If you’ve been following along with my blog for a while, you have probably seen this post pop up a few other times. I know it sounds dramatic to say that this, but this is the blog post that changed my life.
I didn’t know it at the time, but that was the day that my life took on a whole new course, and I am and will forever continue to be profoundly and eternally grateful.
Two of my favorite flowers are going gangbusters in my back garden right now – Bearded Iris and ‘May Night’ Salvia.
I just love bearded irises.
This variety (I wish I could find the tag I saved with name of it) is particularly beautiful with its pale violet, ruffled edges. And the fragrance this flower gives off is intoxicating. I like to put my nose right in the middle of it and inhale the delicately sweet scent.
And this salvia…
…I think I’ve mentioned before that I kinda have a thing for blue-ish, purple-y spikey flowers and this salvia is no exception. I really love these regal purple spikes. And although the flowers themselves are not really fragrant, because Salvias are in the same genus of plants as the common cooking herb Sage, the leaves give off a kind of woodsy/minty aroma.

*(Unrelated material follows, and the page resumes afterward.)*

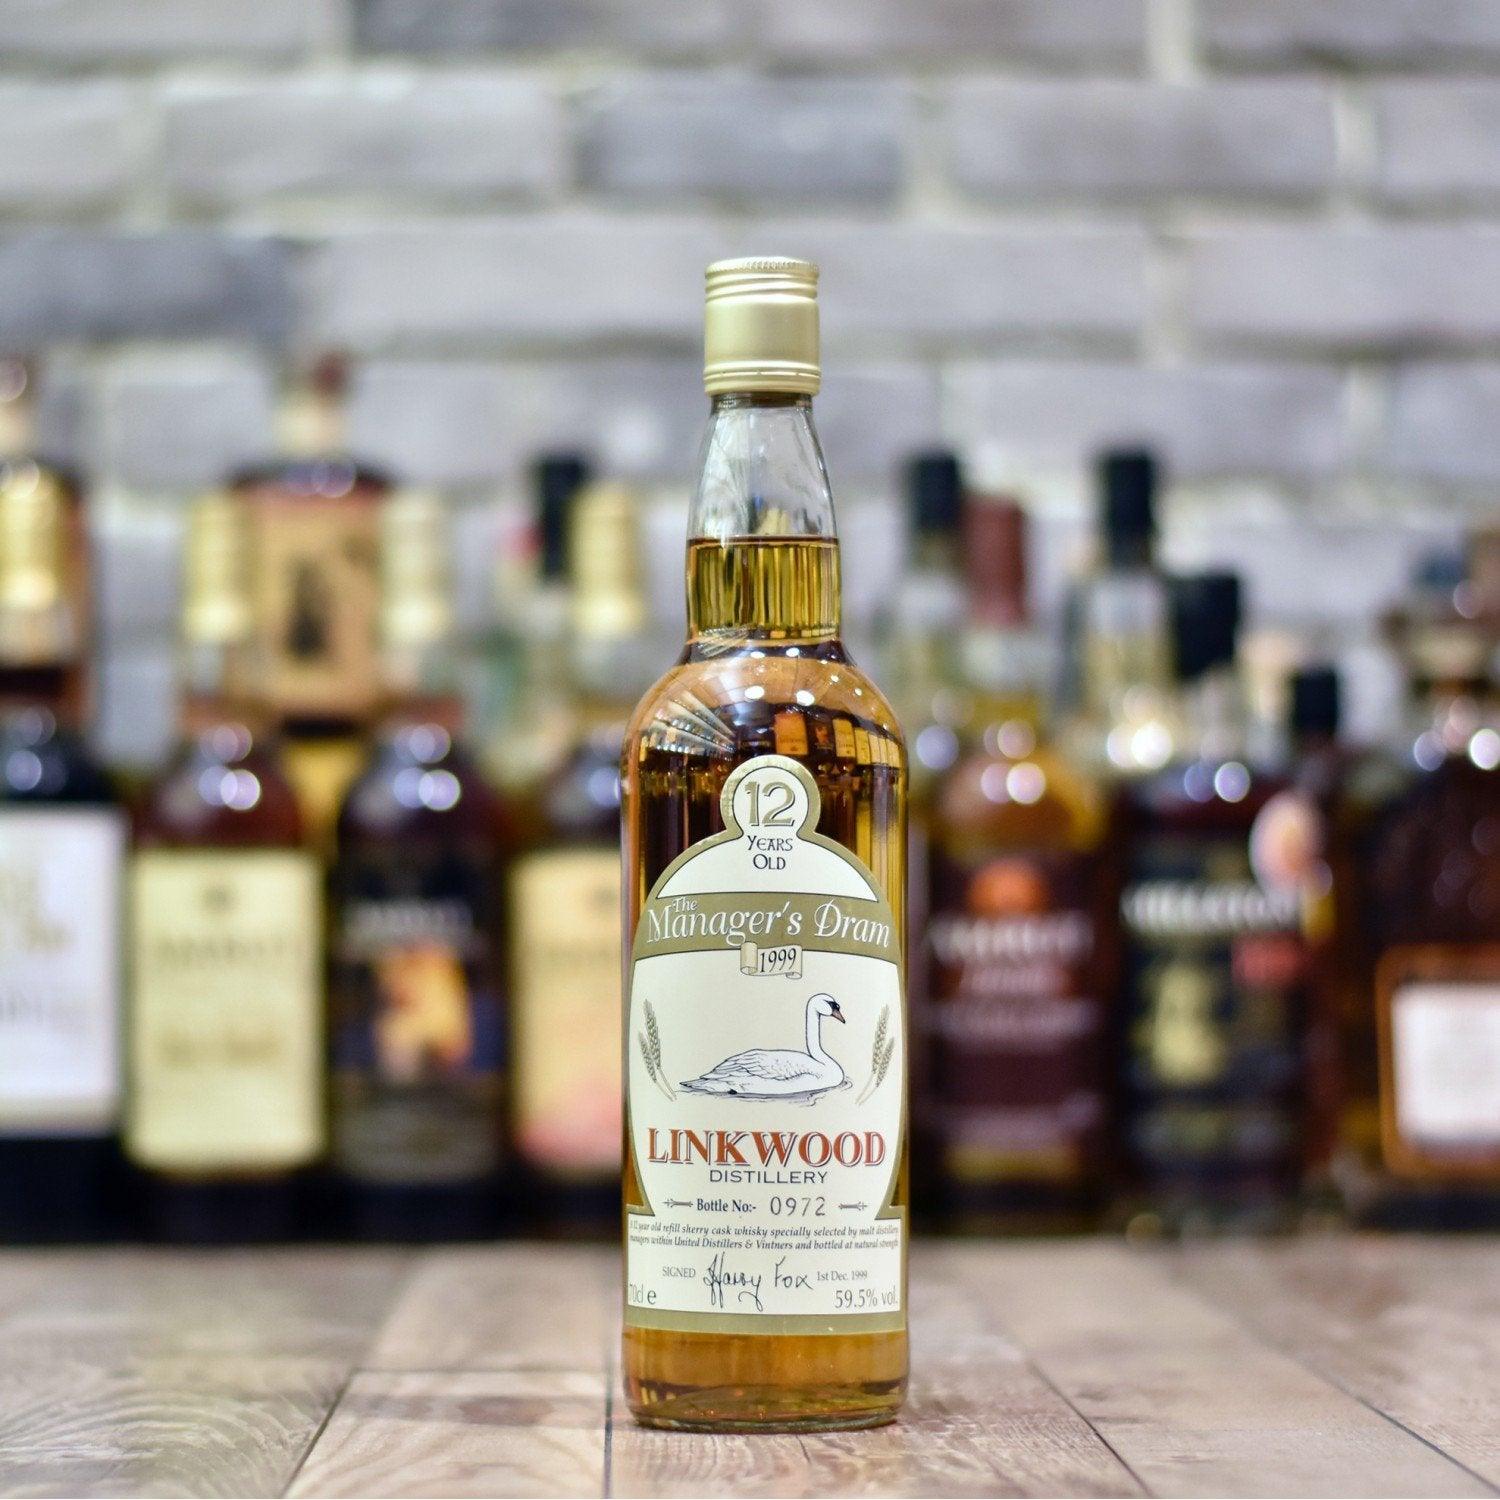 Manager's Dram - Linkwood 12 Year Old - The Rare Malt

The other day I was just walking around my flowerbed and admiring their beautiful blossoms. Pulling a few weeds here and there. And then I noticed that the Salvia was quite literally abuzz with little honey bees darting in and around all around the flowers. It made me smile thinking how proud my little Salvia plants must be to have such a grand purpose in the garden.
Why yes…I am projecting my own existential insecurities on my garden flowers now.
Then I looked over at my stately bearded Irises standing there so dignified and gracious. Although they didn’t appear to display the obvious function of providing nectar for honeybees, my Irises did not at all seem to be riddled with self-doubt about their purpose in life. After that, I just smiled to myself thinking how I’d really gone off the deep end this time. And I said a little thank you to God for Irises because they just make me so happy with their beautiful flowers and delightful fragrance.
And then it occurred to me…maybe that is their purpose.
When I thought about it a little more, neither the Iris nor the Salvia really tries to do anything to fulfill their purpose. Just being an Iris or a Salvia is quite enough – expressing their essential Iris-ness and Salvia-ness is their purpose, and God uses each one according its particular design and unique qualities.
I may or may not ever truly discover what my purpose is on this earth. But I think I am done with trying to do things to have purpose. Because the truth is that worrying about whether or not I’m doing enough to fulfill my purpose is just wearing me out. So instead, I have humbly offered my gifts and talents to God (gifts that I received from Him in the first place) to use as He sees fits. And from now on I am going to concentrate on just being. Expressing my essential Kelly-ness in all its tenderhearted, messy, hormonal, sentimental, womperjawed glory.